ASSIGNMENT: From the entries below, write out exactly the lines between the line holding "Study on the" and the line holding "toddler playing with smoothing iron", inclusive, excluding any pictures.

** RECORDED INFORMATION follows **

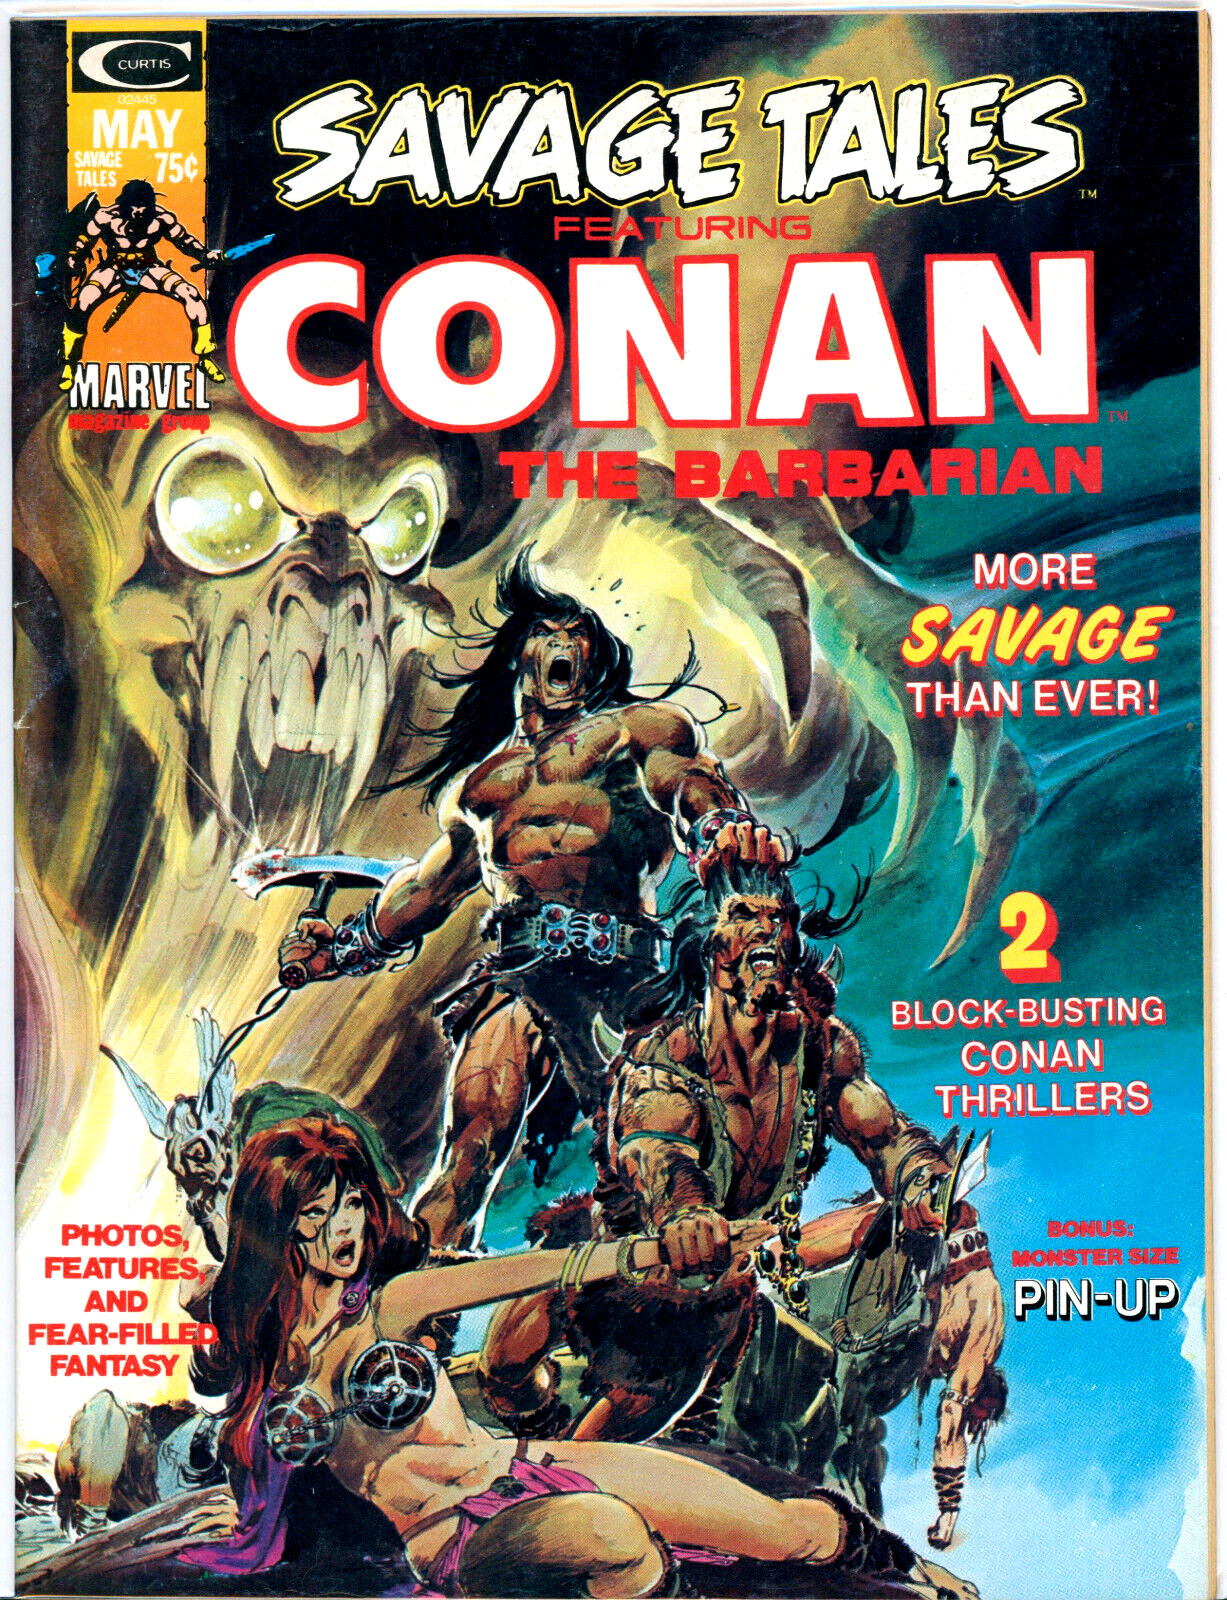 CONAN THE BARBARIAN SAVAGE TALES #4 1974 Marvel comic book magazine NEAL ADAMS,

** End of RECORDED INFORMATION **
** RECORDED INFORMATION follows **

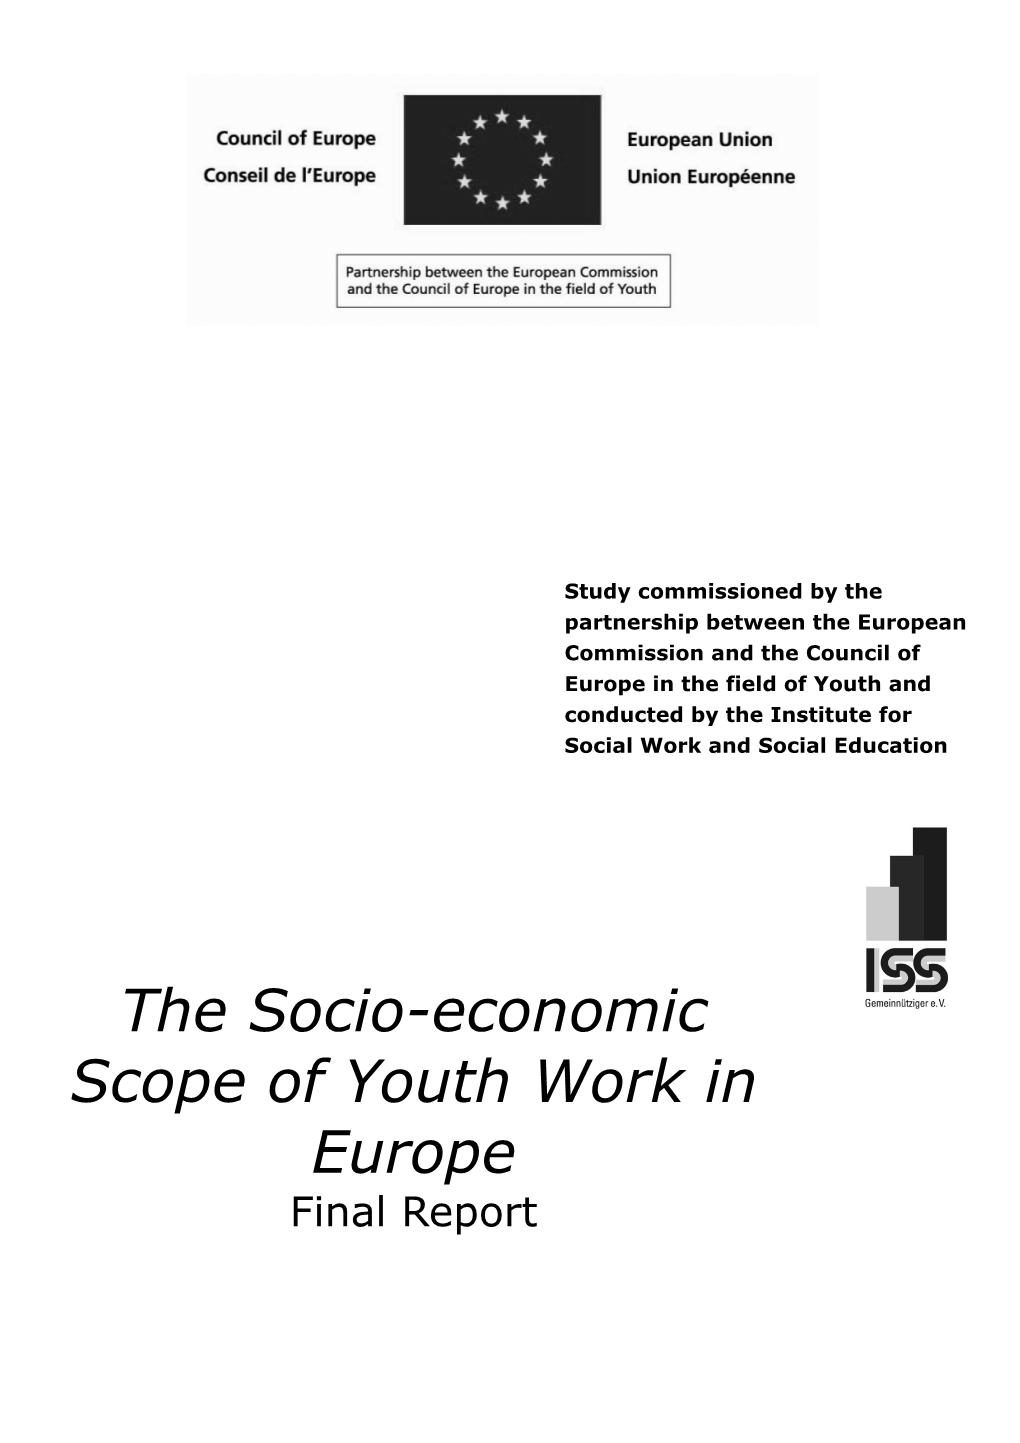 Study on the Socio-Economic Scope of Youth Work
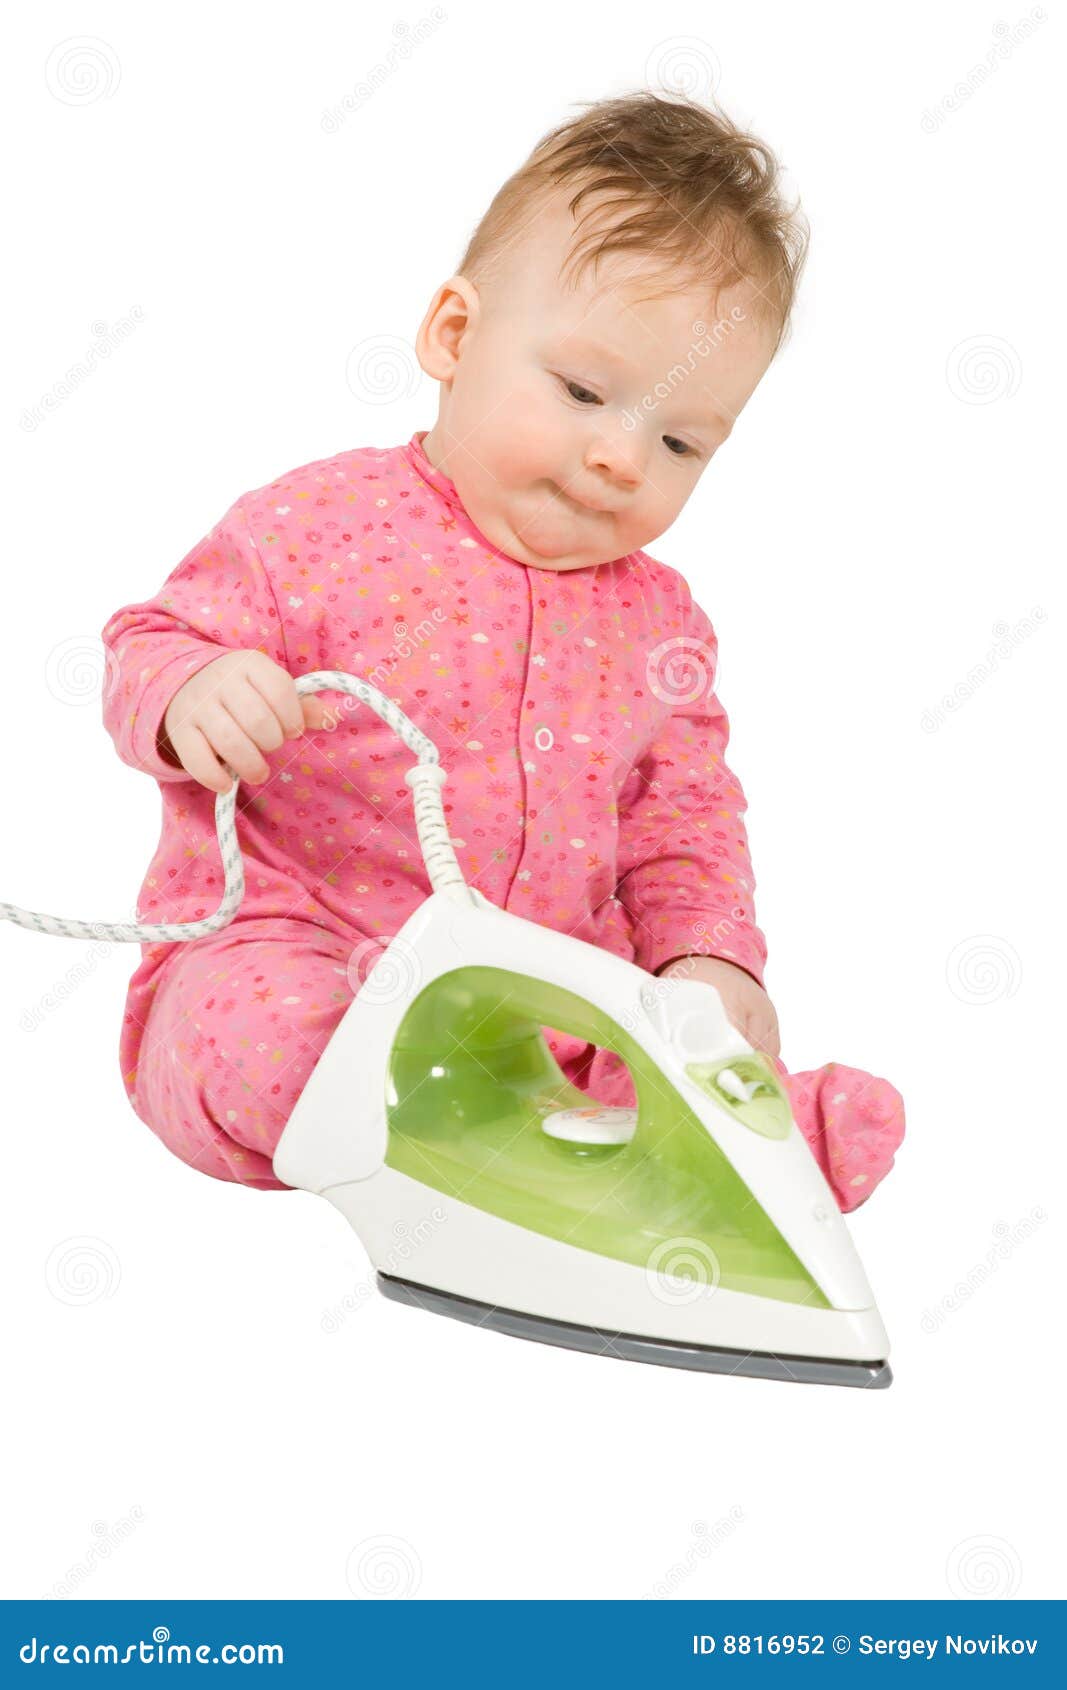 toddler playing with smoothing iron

** End of RECORDED INFORMATION **
** RECORDED INFORMATION follows **

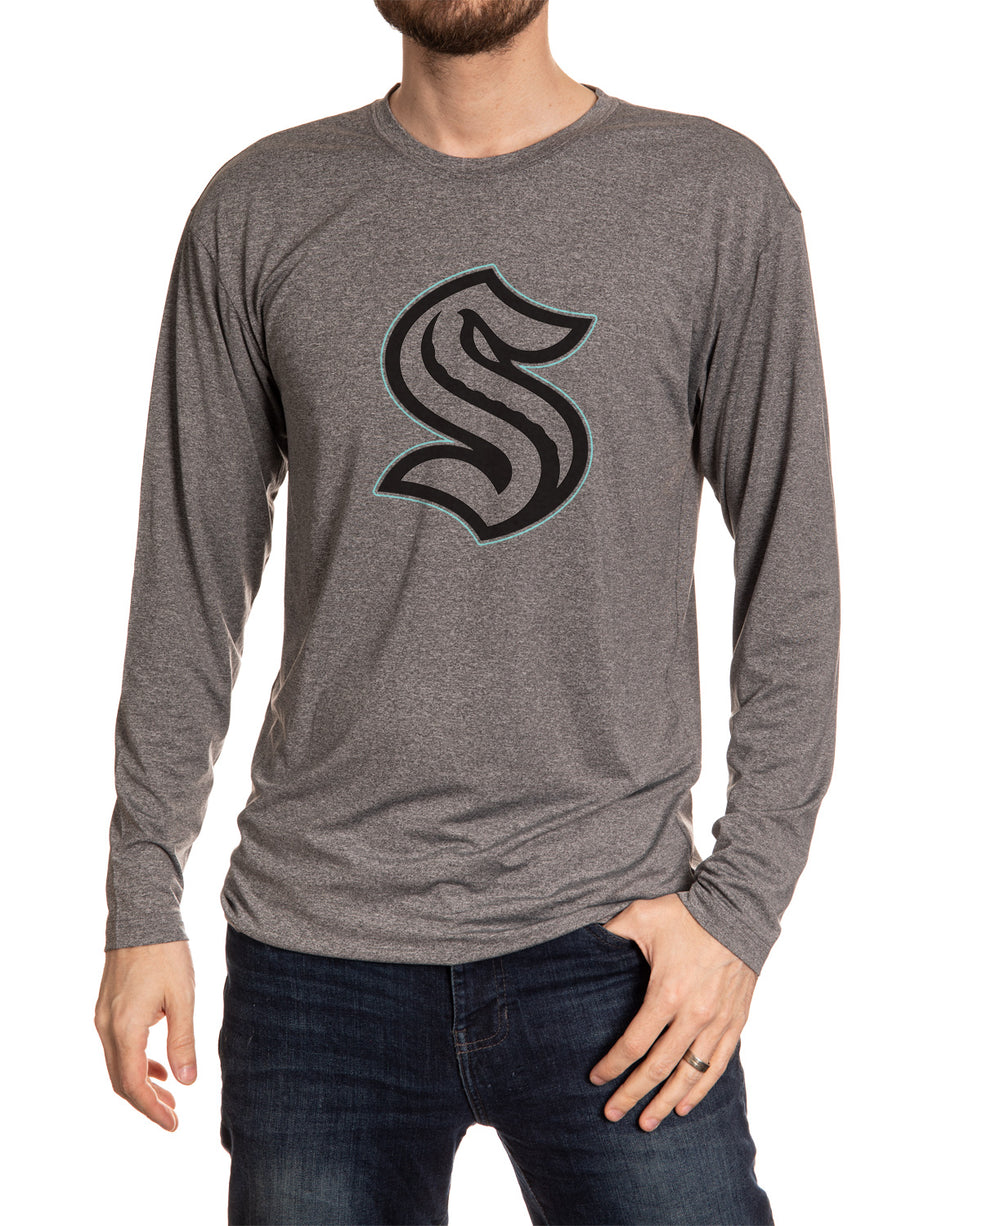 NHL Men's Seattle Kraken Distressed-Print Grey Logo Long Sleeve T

** End of RECORDED INFORMATION **

FINISHED EXERCISE:
 Study on the Socio-Economic Scope of Youth Work
 toddler playing with smoothing iron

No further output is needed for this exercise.